Detailed Description

Complete technical specification and implementation details from the patent document.

This application is a continuation of International Patent Application No. PCT/CN2023/129780, filed on Nov. 3, 2023, which claims the benefit of priority from Chinese Patent Application No. 202311259696.5, filed on Sep. 27, 2023. The content of the aforementioned application, including any intervening amendments thereto, is incorporated herein by reference in its entirety.

This application relates to image analysis, and more particularly to a method and system for analyzing pathological images based on a magnification-aligned transformer (MAT).

Histopathological tissue sections can be converted by a digital slide scanner into whole-slide images (WSIs). With the advancement of image processing technologies, it has become possible to achieve the algorithm-aided intelligent pathological diagnosis, giving rise to the field of computational pathology. In recent years, with the rapid development of artificial intelligence, deep learning has achieved remarkable success in many computational pathology tasks, such as cancer diagnosis, prognosis, and risk stratification. Although the deep learning models have demonstrated excellent performance in these prediction tasks, they still suffer from limitations in the image processing speed and efficiency. For example, the existing methods generally require 5-10 min to process and analyze a single WSI, making it difficult to meet the requirements of clinical diagnosis.

The primary factor affecting computational efficiency is the gigapixel-level resolution of WSIs. To capture sufficient image information, the existing methods typically process WSIs at a high magnification level (e.g., 400× or 200×). Although the images are compressed to a certain extent, it still requires substantial consumption of computation resources and time. Although using lower-resolution images (e.g., 100× or 50×) can significantly reduce the consumption of computation time and resources, it leads to severe loss of image information, considerably reducing the model accuracy. Therefore, the balance between model performance and efficiency is essentially a trade-off between model performance and image resolution.

To fully utilize low-magnification images, the following two issues must be addressed: (1) whether the low-magnification images possess diagnostic value; and (2) whether deep learning can recover predictive information from such low-magnification images. Clinically, pathologists are able to make preliminary assessments even at relatively low magnifications, which indicates that the low-magnification images do have certain diagnostic values. Technically, extensive studies have demonstrated that deep learning-based super-resolution algorithms can generate high-magnification images from low-magnification inputs, thereby demonstrating that the deep learning can restore image information from low-magnification inputs.

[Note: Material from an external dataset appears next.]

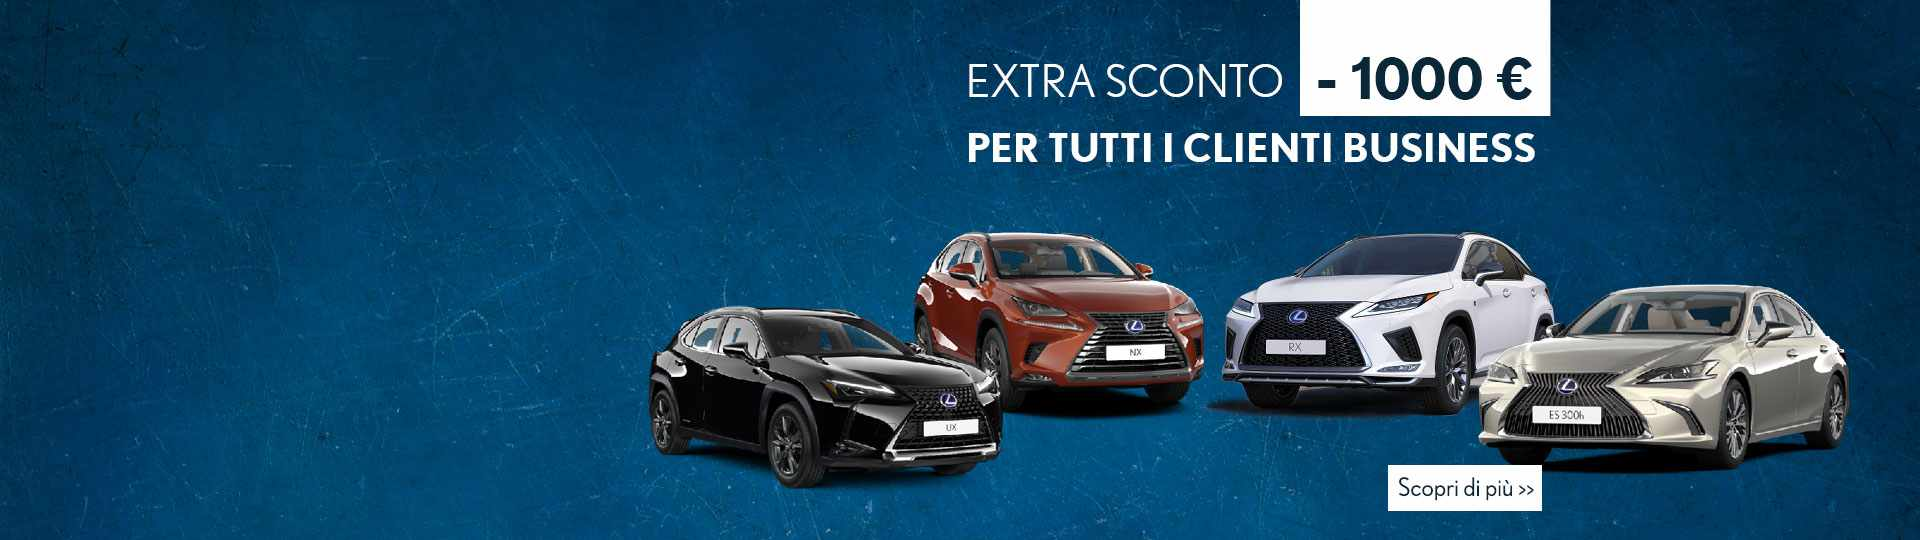 Sconto-Lexus-Business-min.jpg

However, although using low-magnification images can remarkably reduce the consumption of time and computation resources, the substantial loss of detailed information will lead to severe model performance degradation. Regarding the existing methods that analyze pathological images at high magnifications (e.g., 400× or 200×), considerable consumption of time and computation resources is required, making it difficult to meet the practical application requirements. Therefore, there is an urgent need to effectively integrate the advantages of both high-magnification and low-magnification images to enable the rapid pathological image analysis.

An object of the disclosure is to provide a method and system for analyzing pathological images based on a magnification-aligned Transformer (MAT) to overcome the defects and deficiencies in the prior art. In particular, the present disclosure provides an MAT classification network model that employs a self-supervised magnification alignment mechanism to align low-magnification images with high-magnification images at the feature level. Moreover, it utilizes a convolutional neural network (CNN)-Transformer attention mechanism to predict pathological image features. This method makes full use of the information contained in the low-magnification images and significantly reduces the time and space costs required for model prediction.

Technical solutions of the present disclosure are described as follows.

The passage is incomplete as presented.